How PCI-Express Works
At the core of the PCI Express configuration is the root complex. It constitutes the bridge between incoming PCI Express connections on the one hand and the processor and memory on the other hand. The job of the root complex is to translate between the incoming PCI-Express format and the data transmission format required by the processor and memory. It also modulates differences in data rates.
PCI-Express endpoint from I/O devices can either connect directly to the root complex, or they can connect through a switch that manages multiple incoming PCI-Express streams.
Like QPI, PCI-Express works based on three layers of the OSI model. These are the physical layer, the data link layer, and the transaction/routing layer. On top of these three layers, PCIe has a software layer that is responsible for generating the requests necessary for transmitting data packets.
Physical Layer
At the heart of the PCIe physical layer are pairs of wires that constitute lanes for bidirectional data transfer. PCI ports support connections of up to 32 lanes, although 16 is more common.
When evaluating PCI-Express performance, you may see a field called line code that contains a value such as 128b/130b. The line code designates the package size as well as the ratio of information bits to total bits transmitted. Since PCI-Express 3.0, each lane is designed to transmit data in 16-byte packages corresponding to 128 bits. A header of two bits is added for data stream synchronization resulting in a total package size of 130 bits. The header tells the receiver when there is a transition to a new information package so it can synchronize with the transmitter.
Data is transmitted using a technique called differential signaling, which applies two complementary signals to transmit bits. The two signals are transmitted using two conductors. The information is extracted by the receiver by measuring the difference between the two signals.
When using differential signaling, a string of the same bit value may be transmitted. This could result in a loss of synchronization because the receiver may not be able to distinguish between the header denoting the beginning of a new message, and a random part of the message.
To overcome this problem, PCI-Express uses bit scrambling, a technique that makes the data appear more random. Scrambling results in more transitions between bit values and, thus in more variations in the signal.
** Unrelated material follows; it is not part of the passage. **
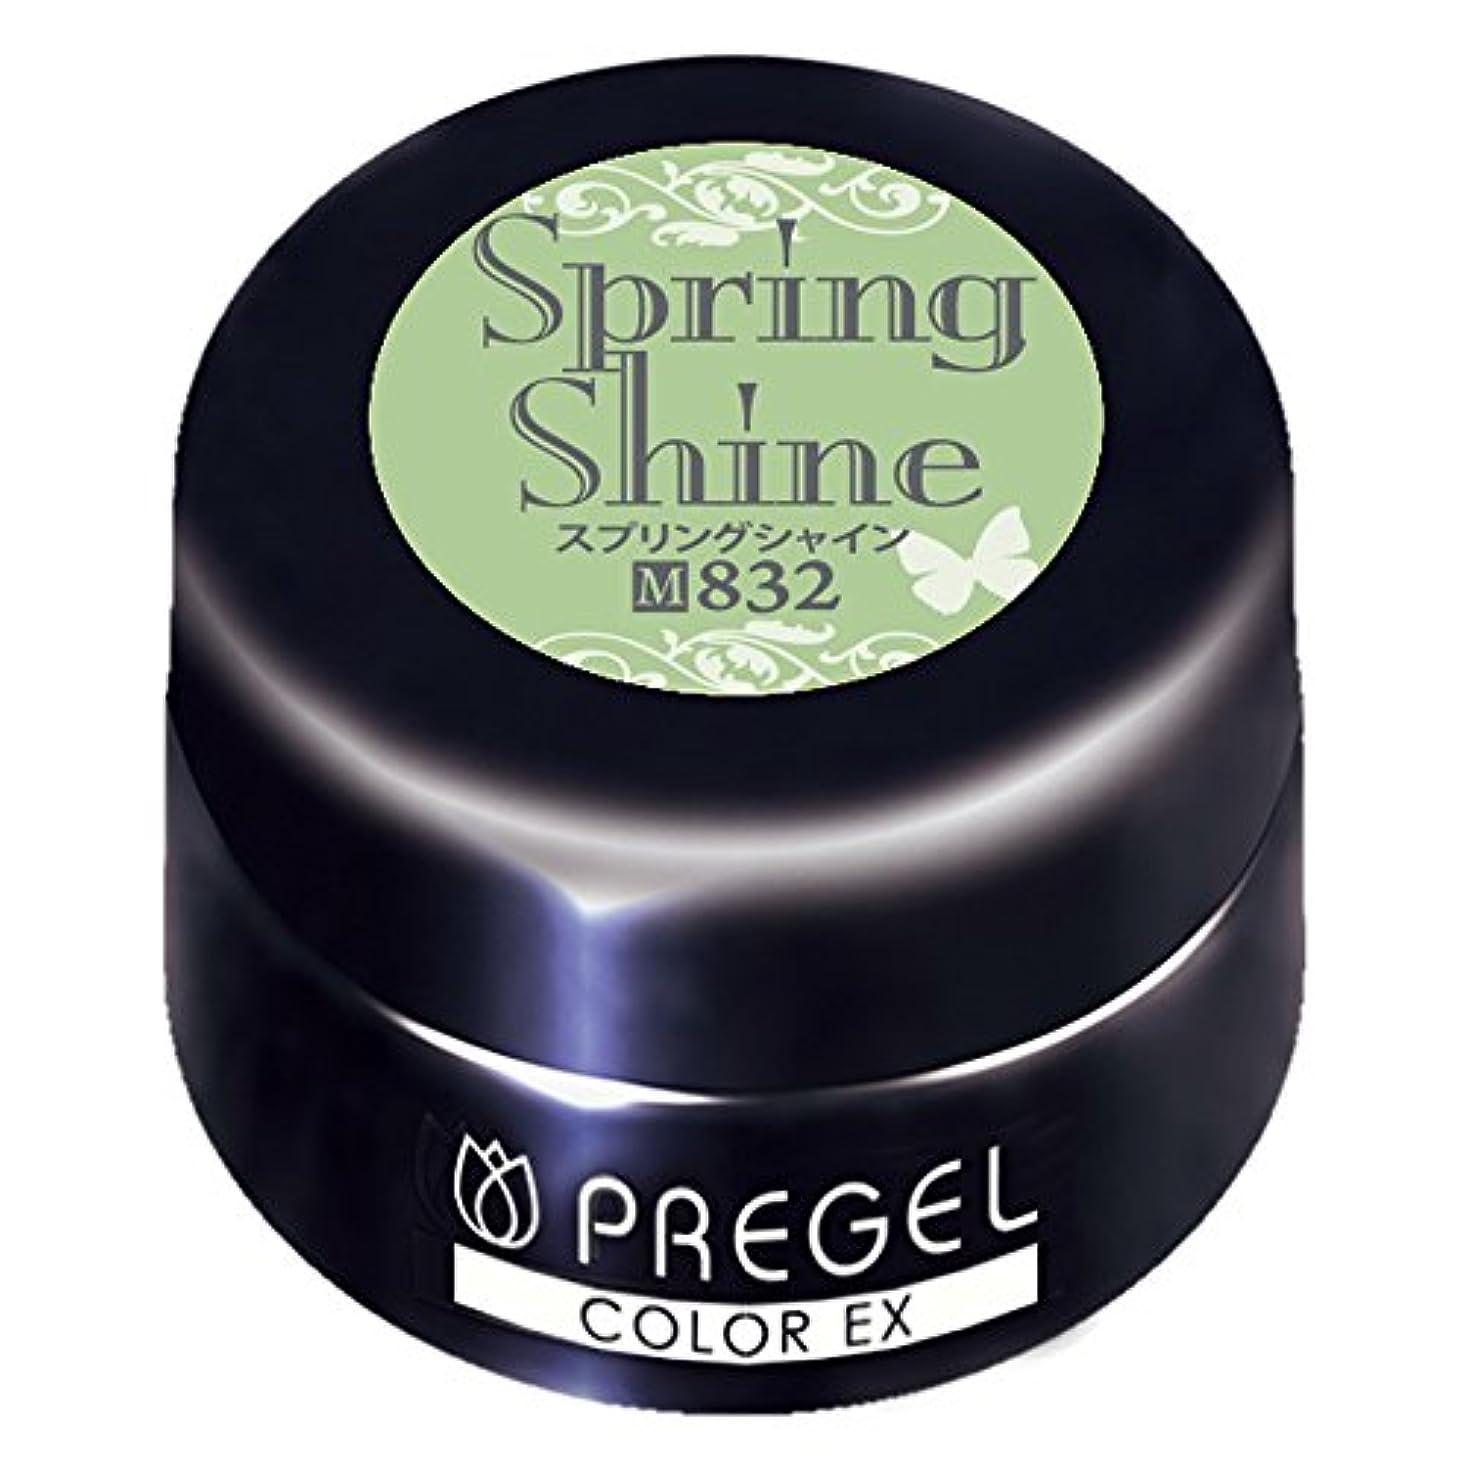 瞑想的とにかく彼女PRE GEL カラーEX スプリングシャイン832 3g UV/LED対応

However, the process by which bits are scrambled is pseudorandom and not truly random. Otherwise, it wouldn’t be possible to reconstruct the original data. The reconstruction of the original data is the job of the descrambler, which sits at the end of the transmission process.
Transaction Layer
The transaction layer is responsible for packaging the data into chunks for transmission. Transmission is usually done via the split transaction technique. In the split transaction technique, the device from which the signal originates sends out a request packet. The receiver processes the data and sends a completion packet back to the originator upon completion of the request. Packets usually contain unique routing information that enables senders to route packets to the correct receiver. A packet contains a header. It optionally may also contain a data payload that is used for error correction.
The transaction is called split because the transmission of the request packet and the return of the completion packet are two separate transactions that can be processed asynchronously. Between the two transactions, other traffic can even use the connection. Transactions are either read or write transactions. If transactions are required to be atomic, the root complex can lock the PCI-Express link so that requests follow consecutively with nothing happening between them. These are known as locked transactions.
Some transactions do not expect a response, meaning the sender does not send a request waiting for a completion packet, but only posts a data packet and then moves on to the next transaction. Accordingly, these transactions are called posted transactions.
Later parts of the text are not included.